Provided data section start

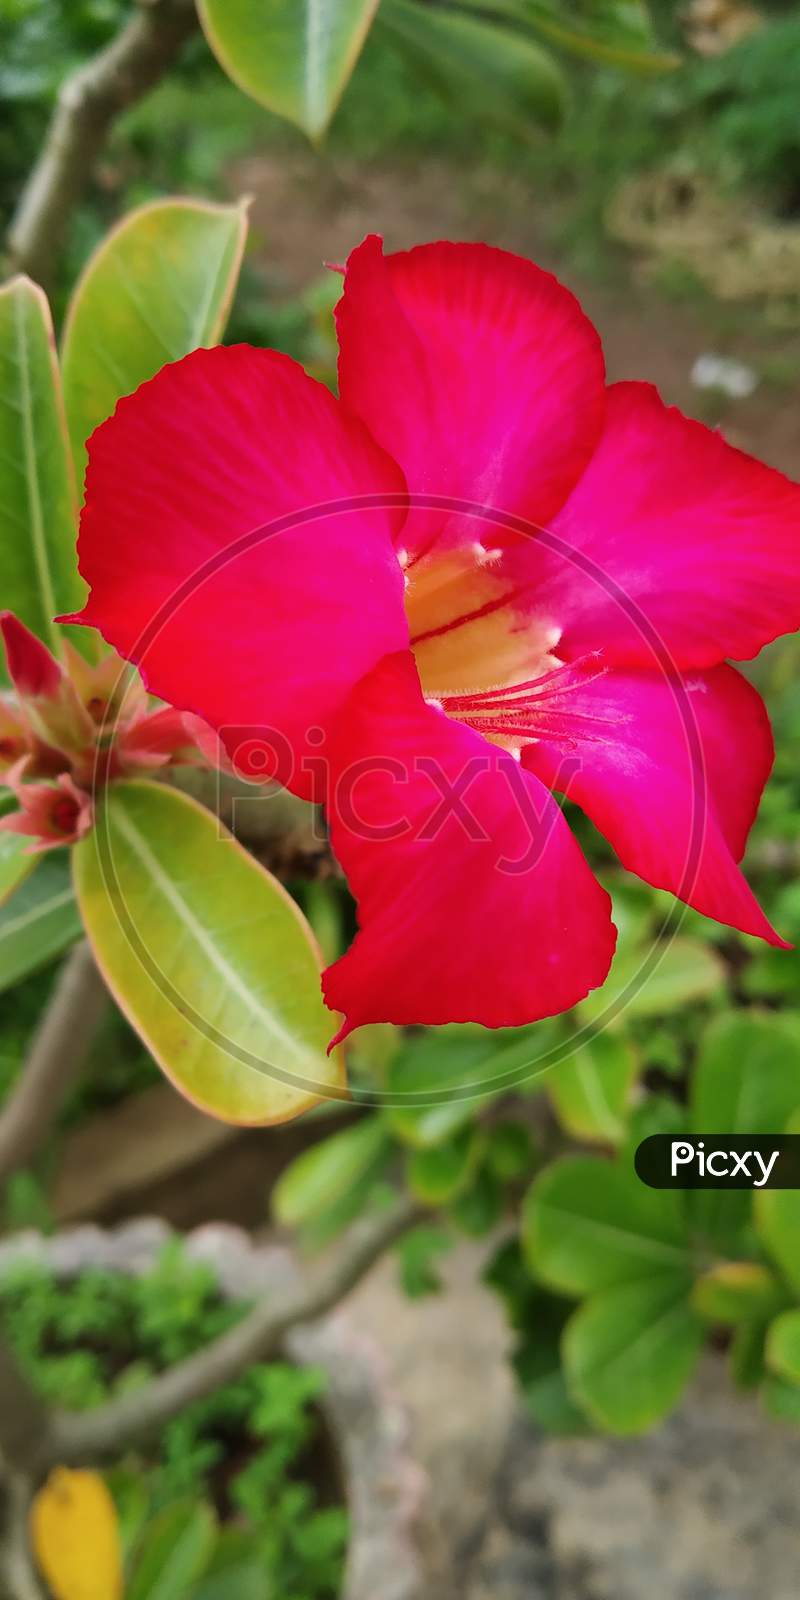 Adenium flower
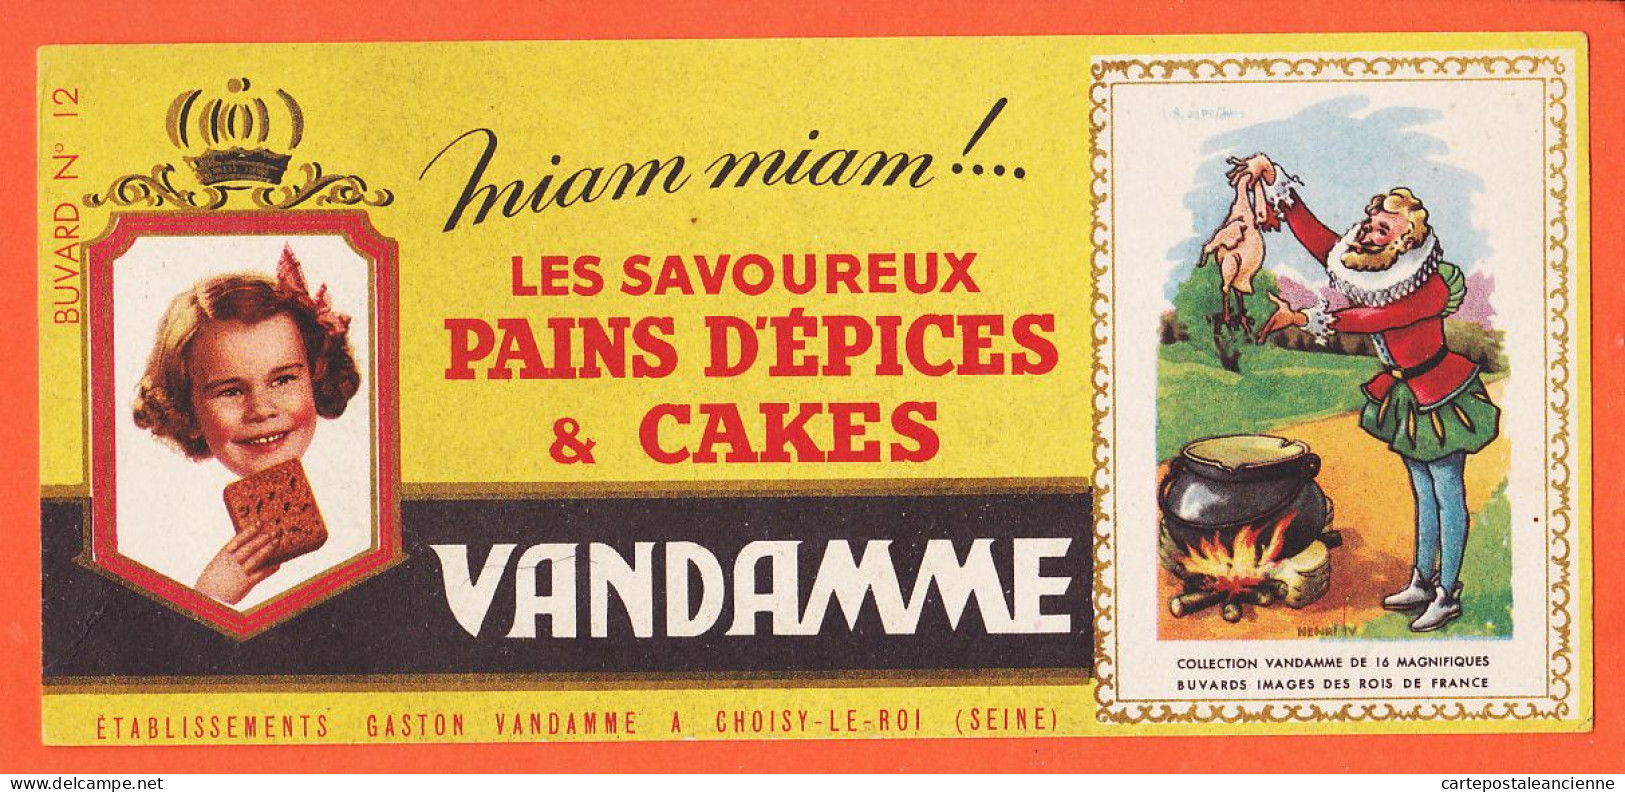 06185 / Pains Epices Cakes VANDAMME Miam ! Miam Etablissements Gaston Vandamme Choisy-Le-Roi Buvard-Blotter N° 12 - Gingerbread
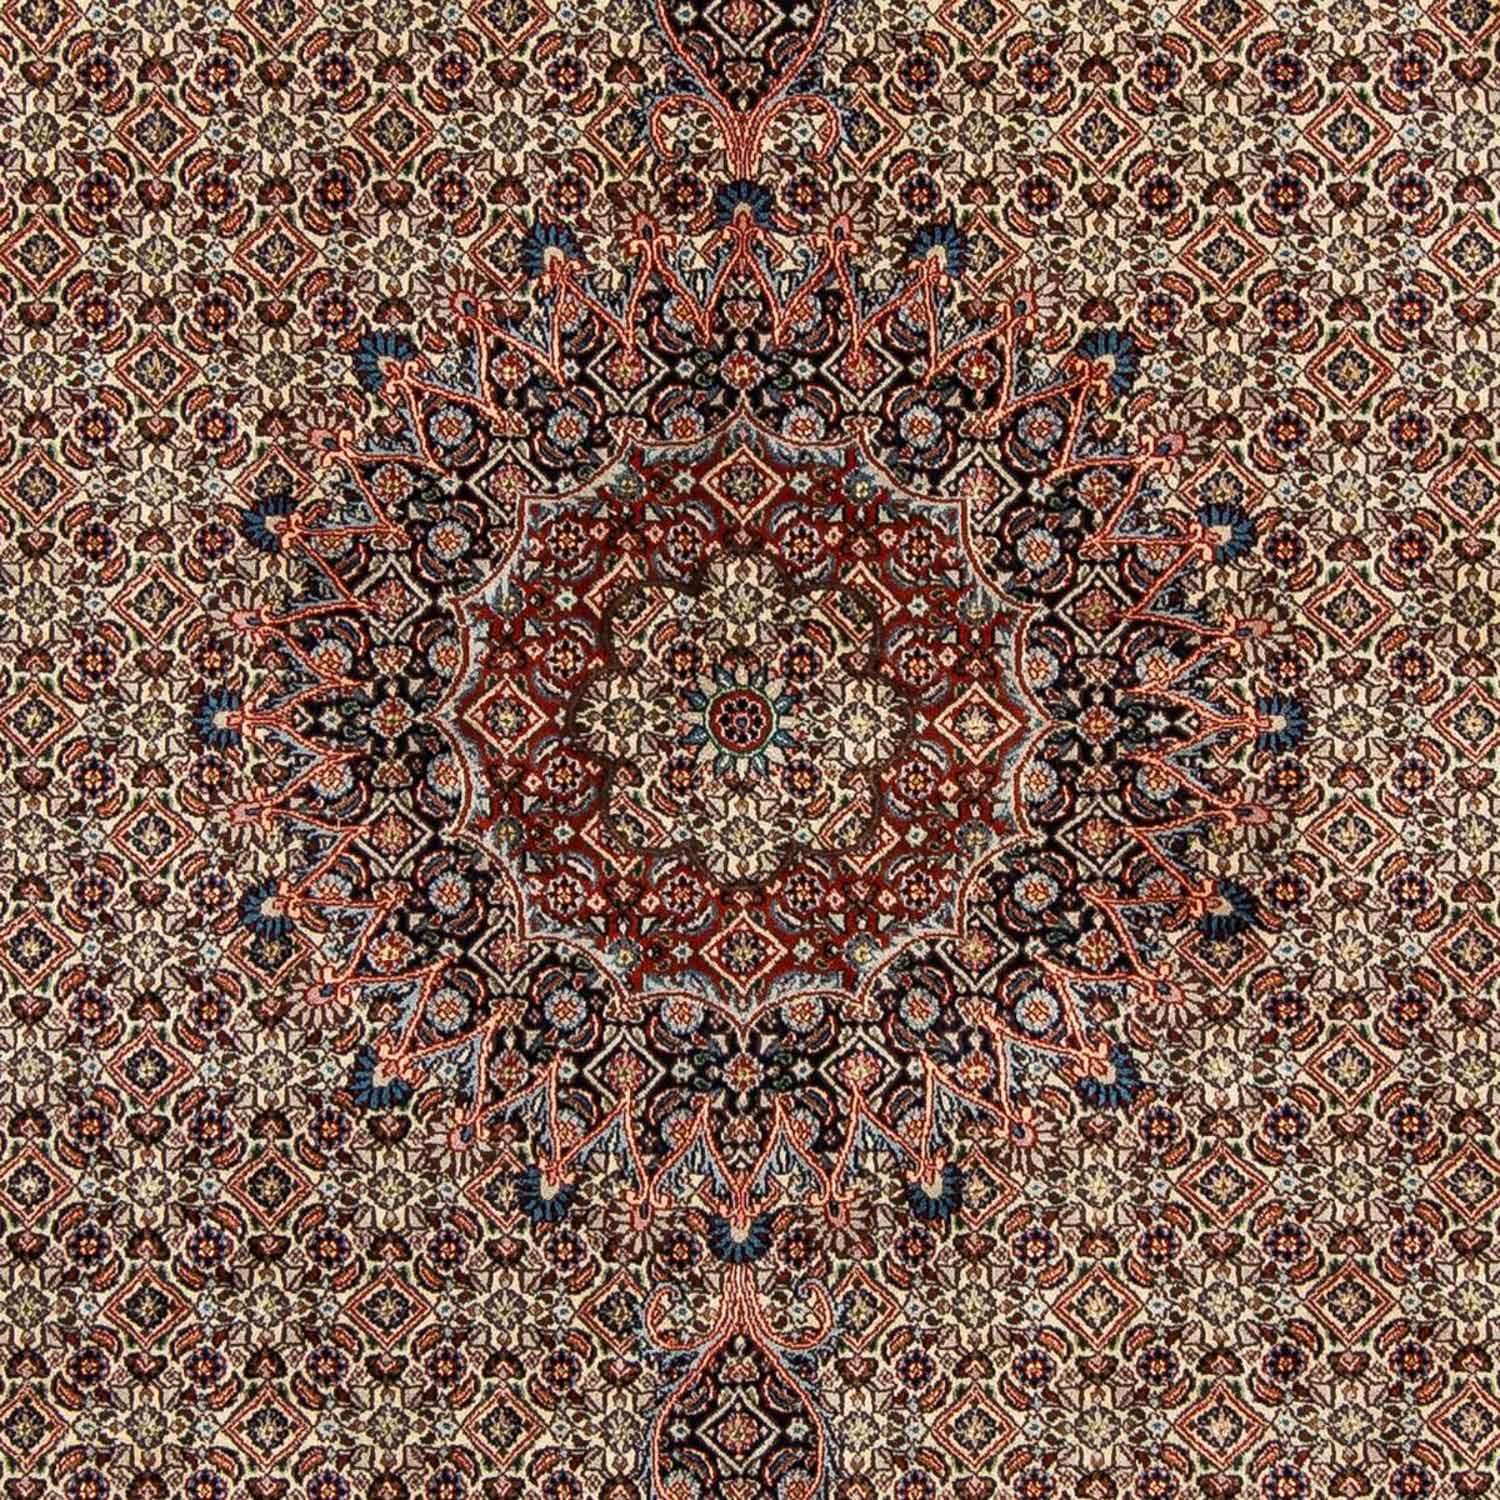 Persisk teppe - klassisk - 294 x 204 cm - beige
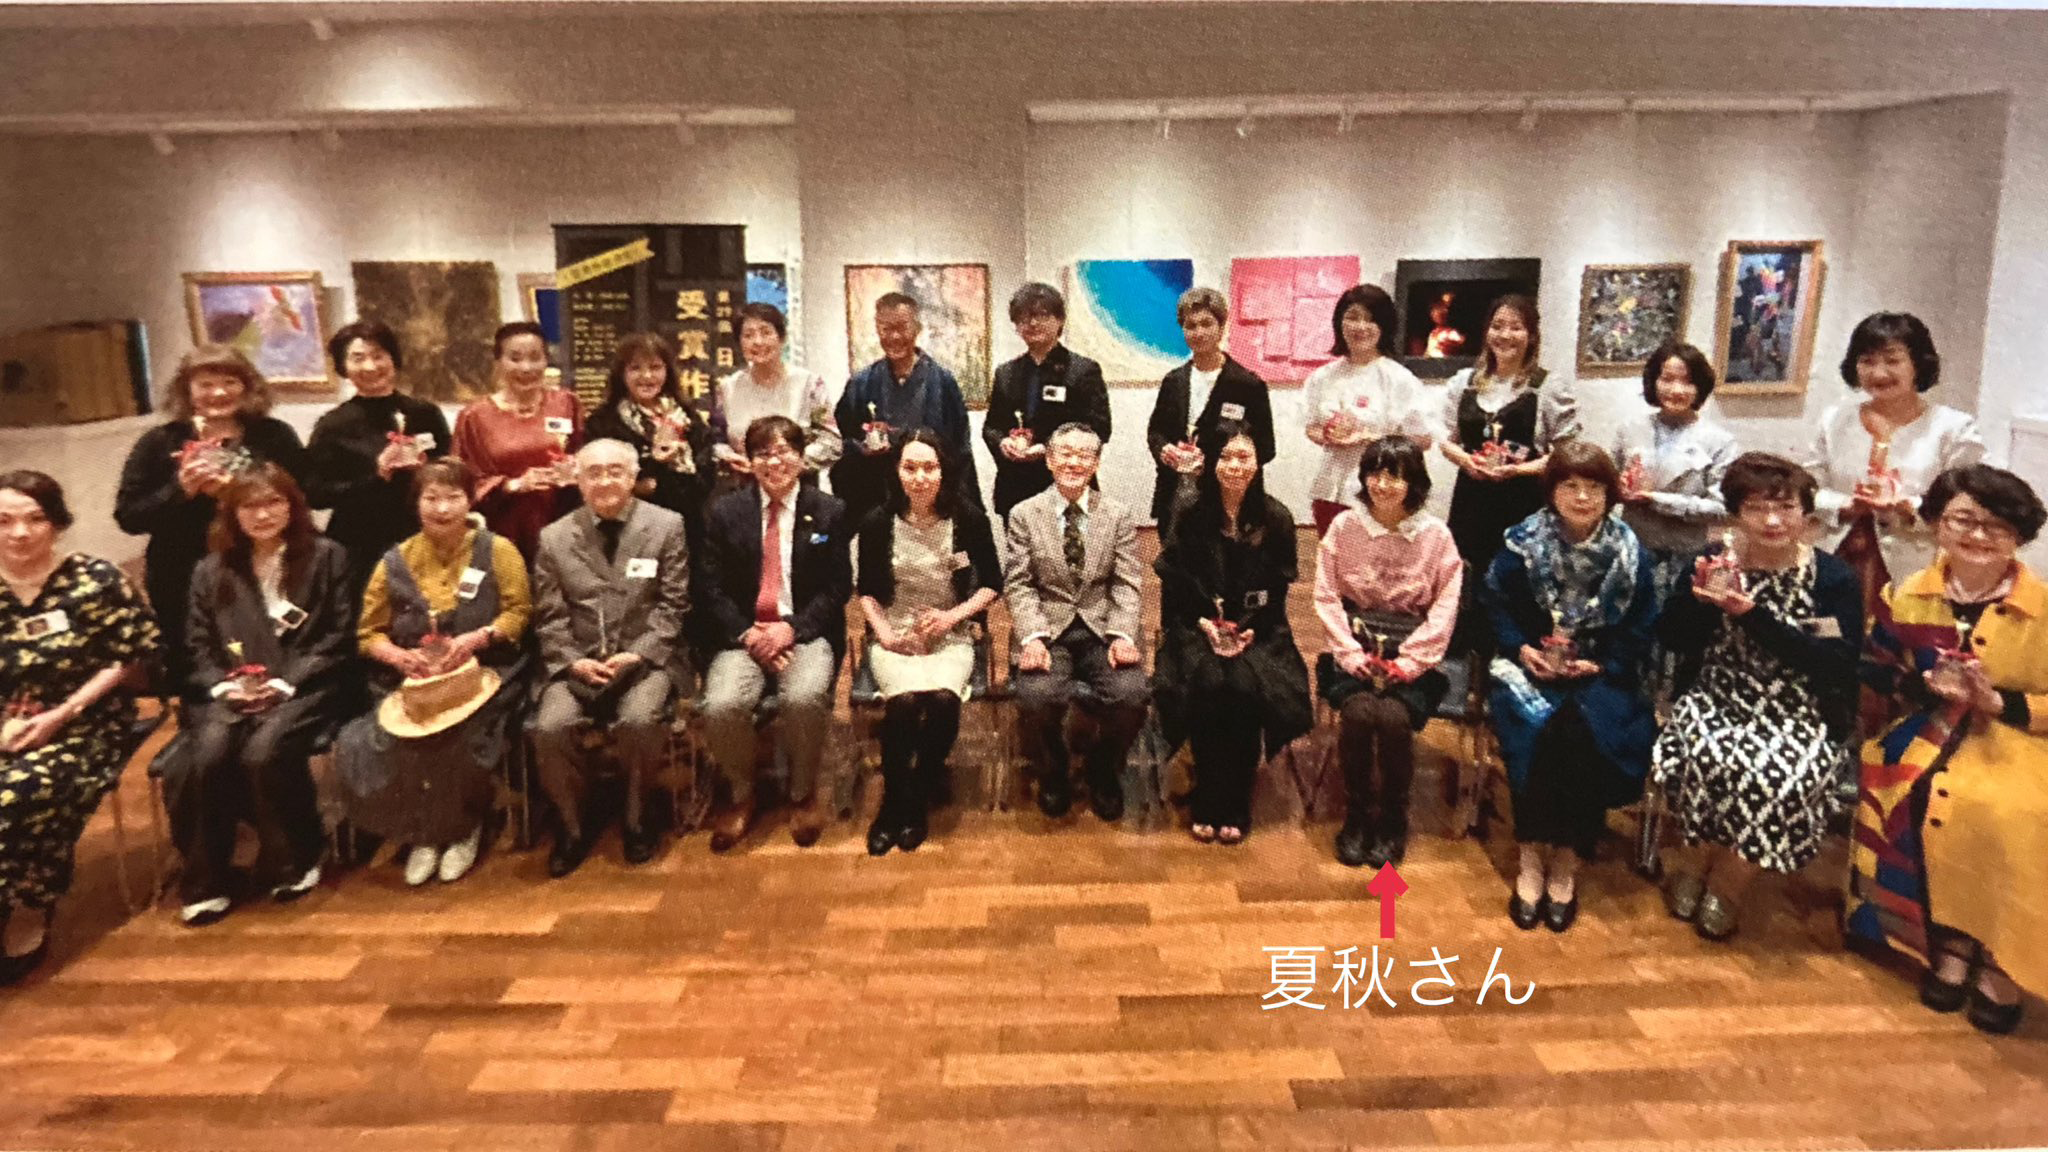 文春ギャラリーにて（24/4/22）第29回 日本の美術 受賞作家展、展覧会場の様子

Provided data section end

> [Task prompt]
Please retype all of the material exactly, skipping whatever images it holds.

> [Solution to this task]
 Adenium flower
 06185 / Pains Epices Cakes VANDAMME Miam ! Miam Etablissements Gaston Vandamme Choisy-Le-Roi Buvard-Blotter N° 12 - Gingerbread
 Persisk teppe - klassisk - 294 x 204 cm - beige
 文春ギャラリーにて（24/4/22）第29回 日本の美術 受賞作家展、展覧会場の様子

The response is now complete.